# YOUR GOAL
Output the whole listing below. Keep it exact.

# INPUT MATERIAL
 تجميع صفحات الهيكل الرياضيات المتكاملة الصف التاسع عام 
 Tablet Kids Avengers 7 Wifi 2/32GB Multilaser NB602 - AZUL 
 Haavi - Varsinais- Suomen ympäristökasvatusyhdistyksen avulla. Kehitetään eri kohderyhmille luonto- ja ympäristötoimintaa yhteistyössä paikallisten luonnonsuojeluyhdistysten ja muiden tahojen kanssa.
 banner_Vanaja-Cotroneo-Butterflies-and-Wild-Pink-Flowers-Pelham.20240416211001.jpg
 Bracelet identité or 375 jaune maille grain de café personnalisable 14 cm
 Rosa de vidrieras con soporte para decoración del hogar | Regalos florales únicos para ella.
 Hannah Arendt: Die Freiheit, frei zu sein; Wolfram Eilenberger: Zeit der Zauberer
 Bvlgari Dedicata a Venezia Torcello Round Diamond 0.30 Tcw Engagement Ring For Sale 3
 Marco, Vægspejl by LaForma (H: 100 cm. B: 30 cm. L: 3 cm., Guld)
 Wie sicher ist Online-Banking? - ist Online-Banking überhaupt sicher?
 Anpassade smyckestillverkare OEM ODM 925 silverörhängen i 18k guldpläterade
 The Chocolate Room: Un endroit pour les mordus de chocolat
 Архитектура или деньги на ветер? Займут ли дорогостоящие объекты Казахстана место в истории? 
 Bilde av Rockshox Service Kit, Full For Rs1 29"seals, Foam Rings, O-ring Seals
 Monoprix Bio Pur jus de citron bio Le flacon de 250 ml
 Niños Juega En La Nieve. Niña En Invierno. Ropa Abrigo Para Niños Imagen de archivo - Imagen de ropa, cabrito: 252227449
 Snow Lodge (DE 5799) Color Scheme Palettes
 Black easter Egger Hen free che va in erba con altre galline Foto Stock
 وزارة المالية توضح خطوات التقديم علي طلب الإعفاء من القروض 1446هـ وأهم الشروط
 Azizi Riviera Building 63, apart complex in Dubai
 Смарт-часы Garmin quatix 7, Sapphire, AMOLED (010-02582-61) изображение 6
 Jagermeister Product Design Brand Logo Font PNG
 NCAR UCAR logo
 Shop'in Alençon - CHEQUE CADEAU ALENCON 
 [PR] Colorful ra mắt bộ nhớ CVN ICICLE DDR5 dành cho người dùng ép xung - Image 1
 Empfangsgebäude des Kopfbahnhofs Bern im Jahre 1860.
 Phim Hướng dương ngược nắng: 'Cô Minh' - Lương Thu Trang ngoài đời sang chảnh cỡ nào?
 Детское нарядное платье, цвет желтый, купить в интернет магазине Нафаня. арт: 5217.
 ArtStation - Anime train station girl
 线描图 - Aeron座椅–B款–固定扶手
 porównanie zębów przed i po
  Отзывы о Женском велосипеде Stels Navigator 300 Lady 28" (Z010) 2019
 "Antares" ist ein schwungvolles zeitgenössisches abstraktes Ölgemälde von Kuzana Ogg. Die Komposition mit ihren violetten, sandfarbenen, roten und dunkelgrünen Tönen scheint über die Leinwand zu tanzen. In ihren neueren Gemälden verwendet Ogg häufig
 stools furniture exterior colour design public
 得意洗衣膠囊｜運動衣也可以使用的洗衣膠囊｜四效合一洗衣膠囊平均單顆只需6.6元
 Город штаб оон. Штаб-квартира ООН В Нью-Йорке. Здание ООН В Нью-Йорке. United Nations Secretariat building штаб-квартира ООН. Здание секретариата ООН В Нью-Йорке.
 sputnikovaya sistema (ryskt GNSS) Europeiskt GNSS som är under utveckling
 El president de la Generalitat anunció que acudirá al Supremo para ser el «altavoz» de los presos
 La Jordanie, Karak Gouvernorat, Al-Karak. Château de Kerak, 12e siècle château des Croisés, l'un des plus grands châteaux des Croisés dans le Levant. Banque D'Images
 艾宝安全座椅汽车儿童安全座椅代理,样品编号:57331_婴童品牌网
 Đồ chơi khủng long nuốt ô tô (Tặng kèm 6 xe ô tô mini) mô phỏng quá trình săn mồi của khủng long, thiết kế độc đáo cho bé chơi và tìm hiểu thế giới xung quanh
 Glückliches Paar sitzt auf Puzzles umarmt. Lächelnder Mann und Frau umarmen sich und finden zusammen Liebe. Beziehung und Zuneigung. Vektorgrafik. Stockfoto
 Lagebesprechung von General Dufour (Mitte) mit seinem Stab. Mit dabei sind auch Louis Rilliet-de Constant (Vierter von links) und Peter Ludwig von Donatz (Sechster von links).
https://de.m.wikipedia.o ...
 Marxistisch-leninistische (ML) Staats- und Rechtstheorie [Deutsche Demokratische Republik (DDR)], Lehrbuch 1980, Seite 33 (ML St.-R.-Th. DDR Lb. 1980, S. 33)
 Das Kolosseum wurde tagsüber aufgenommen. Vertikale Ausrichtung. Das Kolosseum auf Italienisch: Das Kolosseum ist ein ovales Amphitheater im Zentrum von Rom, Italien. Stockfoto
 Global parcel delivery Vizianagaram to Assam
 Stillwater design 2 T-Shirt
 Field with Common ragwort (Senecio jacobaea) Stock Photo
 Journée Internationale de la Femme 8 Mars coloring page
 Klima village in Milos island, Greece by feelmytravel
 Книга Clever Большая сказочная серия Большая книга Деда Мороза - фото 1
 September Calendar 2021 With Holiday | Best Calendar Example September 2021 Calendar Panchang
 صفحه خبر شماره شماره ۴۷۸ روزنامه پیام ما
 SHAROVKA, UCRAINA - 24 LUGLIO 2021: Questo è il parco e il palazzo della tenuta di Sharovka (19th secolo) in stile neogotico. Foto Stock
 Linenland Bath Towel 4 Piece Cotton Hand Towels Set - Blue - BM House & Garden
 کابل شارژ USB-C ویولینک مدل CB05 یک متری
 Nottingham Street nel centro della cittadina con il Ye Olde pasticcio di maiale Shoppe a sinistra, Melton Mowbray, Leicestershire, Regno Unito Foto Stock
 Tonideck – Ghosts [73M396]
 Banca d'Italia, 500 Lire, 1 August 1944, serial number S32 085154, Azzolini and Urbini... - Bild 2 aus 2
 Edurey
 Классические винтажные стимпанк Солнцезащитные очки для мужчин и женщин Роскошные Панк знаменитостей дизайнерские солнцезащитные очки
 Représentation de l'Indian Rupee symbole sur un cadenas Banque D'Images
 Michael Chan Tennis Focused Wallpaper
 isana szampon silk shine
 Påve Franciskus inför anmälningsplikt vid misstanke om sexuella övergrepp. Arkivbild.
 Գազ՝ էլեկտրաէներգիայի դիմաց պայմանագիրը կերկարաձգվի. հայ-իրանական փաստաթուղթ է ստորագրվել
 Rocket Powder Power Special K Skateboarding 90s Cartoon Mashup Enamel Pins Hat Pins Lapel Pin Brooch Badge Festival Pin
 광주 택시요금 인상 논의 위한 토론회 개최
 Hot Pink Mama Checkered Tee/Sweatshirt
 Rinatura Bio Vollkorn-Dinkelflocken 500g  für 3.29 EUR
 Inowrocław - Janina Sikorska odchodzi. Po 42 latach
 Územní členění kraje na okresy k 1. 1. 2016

# THE ANSWER
 تجميع صفحات الهيكل الرياضيات المتكاملة الصف التاسع عام 
 Tablet Kids Avengers 7 Wifi 2/32GB Multilaser NB602 - AZUL 
 Haavi - Varsinais- Suomen ympäristökasvatusyhdistyksen avulla. Kehitetään eri kohderyhmille luonto- ja ympäristötoimintaa yhteistyössä paikallisten luonnonsuojeluyhdistysten ja muiden tahojen kanssa.
 banner_Vanaja-Cotroneo-Butterflies-and-Wild-Pink-Flowers-Pelham.20240416211001.jpg
 Bracelet identité or 375 jaune maille grain de café personnalisable 14 cm
 Rosa de vidrieras con soporte para decoración del hogar | Regalos florales únicos para ella.
 Hannah Arendt: Die Freiheit, frei zu sein; Wolfram Eilenberger: Zeit der Zauberer
 Bvlgari Dedicata a Venezia Torcello Round Diamond 0.30 Tcw Engagement Ring For Sale 3
 Marco, Vægspejl by LaForma (H: 100 cm. B: 30 cm. L: 3 cm., Guld)
 Wie sicher ist Online-Banking? - ist Online-Banking überhaupt sicher?
 Anpassade smyckestillverkare OEM ODM 925 silverörhängen i 18k guldpläterade
 The Chocolate Room: Un endroit pour les mordus de chocolat
 Архитектура или деньги на ветер? Займут ли дорогостоящие объекты Казахстана место в истории? 
 Bilde av Rockshox Service Kit, Full For Rs1 29"seals, Foam Rings, O-ring Seals
 Monoprix Bio Pur jus de citron bio Le flacon de 250 ml
 Niños Juega En La Nieve. Niña En Invierno. Ropa Abrigo Para Niños Imagen de archivo - Imagen de ropa, cabrito: 252227449
 Snow Lodge (DE 5799) Color Scheme Palettes
 Black easter Egger Hen free che va in erba con altre galline Foto Stock
 وزارة المالية توضح خطوات التقديم علي طلب الإعفاء من القروض 1446هـ وأهم الشروط
 Azizi Riviera Building 63, apart complex in Dubai
 Смарт-часы Garmin quatix 7, Sapphire, AMOLED (010-02582-61) изображение 6
 Jagermeister Product Design Brand Logo Font PNG
 NCAR UCAR logo
 Shop'in Alençon - CHEQUE CADEAU ALENCON 
 [PR] Colorful ra mắt bộ nhớ CVN ICICLE DDR5 dành cho người dùng ép xung - Image 1
 Empfangsgebäude des Kopfbahnhofs Bern im Jahre 1860.
 Phim Hướng dương ngược nắng: 'Cô Minh' - Lương Thu Trang ngoài đời sang chảnh cỡ nào?
 Детское нарядное платье, цвет желтый, купить в интернет магазине Нафаня. арт: 5217.
 ArtStation - Anime train station girl
 线描图 - Aeron座椅–B款–固定扶手
 porównanie zębów przed i po
  Отзывы о Женском велосипеде Stels Navigator 300 Lady 28" (Z010) 2019
 "Antares" ist ein schwungvolles zeitgenössisches abstraktes Ölgemälde von Kuzana Ogg. Die Komposition mit ihren violetten, sandfarbenen, roten und dunkelgrünen Tönen scheint über die Leinwand zu tanzen. In ihren neueren Gemälden verwendet Ogg häufig
 stools furniture exterior colour design public
 得意洗衣膠囊｜運動衣也可以使用的洗衣膠囊｜四效合一洗衣膠囊平均單顆只需6.6元
 Город штаб оон. Штаб-квартира ООН В Нью-Йорке. Здание ООН В Нью-Йорке. United Nations Secretariat building штаб-квартира ООН. Здание секретариата ООН В Нью-Йорке.
 sputnikovaya sistema (ryskt GNSS) Europeiskt GNSS som är under utveckling
 El president de la Generalitat anunció que acudirá al Supremo para ser el «altavoz» de los presos
 La Jordanie, Karak Gouvernorat, Al-Karak. Château de Kerak, 12e siècle château des Croisés, l'un des plus grands châteaux des Croisés dans le Levant. Banque D'Images
 艾宝安全座椅汽车儿童安全座椅代理,样品编号:57331_婴童品牌网
 Đồ chơi khủng long nuốt ô tô (Tặng kèm 6 xe ô tô mini) mô phỏng quá trình săn mồi của khủng long, thiết kế độc đáo cho bé chơi và tìm hiểu thế giới xung quanh
 Glückliches Paar sitzt auf Puzzles umarmt. Lächelnder Mann und Frau umarmen sich und finden zusammen Liebe. Beziehung und Zuneigung. Vektorgrafik. Stockfoto
 Lagebesprechung von General Dufour (Mitte) mit seinem Stab. Mit dabei sind auch Louis Rilliet-de Constant (Vierter von links) und Peter Ludwig von Donatz (Sechster von links).
https://de.m.wikipedia.o ...
 Marxistisch-leninistische (ML) Staats- und Rechtstheorie [Deutsche Demokratische Republik (DDR)], Lehrbuch 1980, Seite 33 (ML St.-R.-Th. DDR Lb. 1980, S. 33)
 Das Kolosseum wurde tagsüber aufgenommen. Vertikale Ausrichtung. Das Kolosseum auf Italienisch: Das Kolosseum ist ein ovales Amphitheater im Zentrum von Rom, Italien. Stockfoto
 Global parcel delivery Vizianagaram to Assam
 Stillwater design 2 T-Shirt
 Field with Common ragwort (Senecio jacobaea) Stock Photo
 Journée Internationale de la Femme 8 Mars coloring page
 Klima village in Milos island, Greece by feelmytravel
 Книга Clever Большая сказочная серия Большая книга Деда Мороза - фото 1
 September Calendar 2021 With Holiday | Best Calendar Example September 2021 Calendar Panchang
 صفحه خبر شماره شماره ۴۷۸ روزنامه پیام ما
 SHAROVKA, UCRAINA - 24 LUGLIO 2021: Questo è il parco e il palazzo della tenuta di Sharovka (19th secolo) in stile neogotico. Foto Stock
 Linenland Bath Towel 4 Piece Cotton Hand Towels Set - Blue - BM House & Garden
 کابل شارژ USB-C ویولینک مدل CB05 یک متری
 Nottingham Street nel centro della cittadina con il Ye Olde pasticcio di maiale Shoppe a sinistra, Melton Mowbray, Leicestershire, Regno Unito Foto Stock
 Tonideck – Ghosts [73M396]
 Banca d'Italia, 500 Lire, 1 August 1944, serial number S32 085154, Azzolini and Urbini... - Bild 2 aus 2
 Edurey
 Классические винтажные стимпанк Солнцезащитные очки для мужчин и женщин Роскошные Панк знаменитостей дизайнерские солнцезащитные очки
 Représentation de l'Indian Rupee symbole sur un cadenas Banque D'Images
 Michael Chan Tennis Focused Wallpaper
 isana szampon silk shine
 Påve Franciskus inför anmälningsplikt vid misstanke om sexuella övergrepp. Arkivbild.
 Գազ՝ էլեկտրաէներգիայի դիմաց պայմանագիրը կերկարաձգվի. հայ-իրանական փաստաթուղթ է ստորագրվել
 Rocket Powder Power Special K Skateboarding 90s Cartoon Mashup Enamel Pins Hat Pins Lapel Pin Brooch Badge Festival Pin
 광주 택시요금 인상 논의 위한 토론회 개최
 Hot Pink Mama Checkered Tee/Sweatshirt
 Rinatura Bio Vollkorn-Dinkelflocken 500g  für 3.29 EUR
 Inowrocław - Janina Sikorska odchodzi. Po 42 latach
 Územní členění kraje na okresy k 1. 1. 2016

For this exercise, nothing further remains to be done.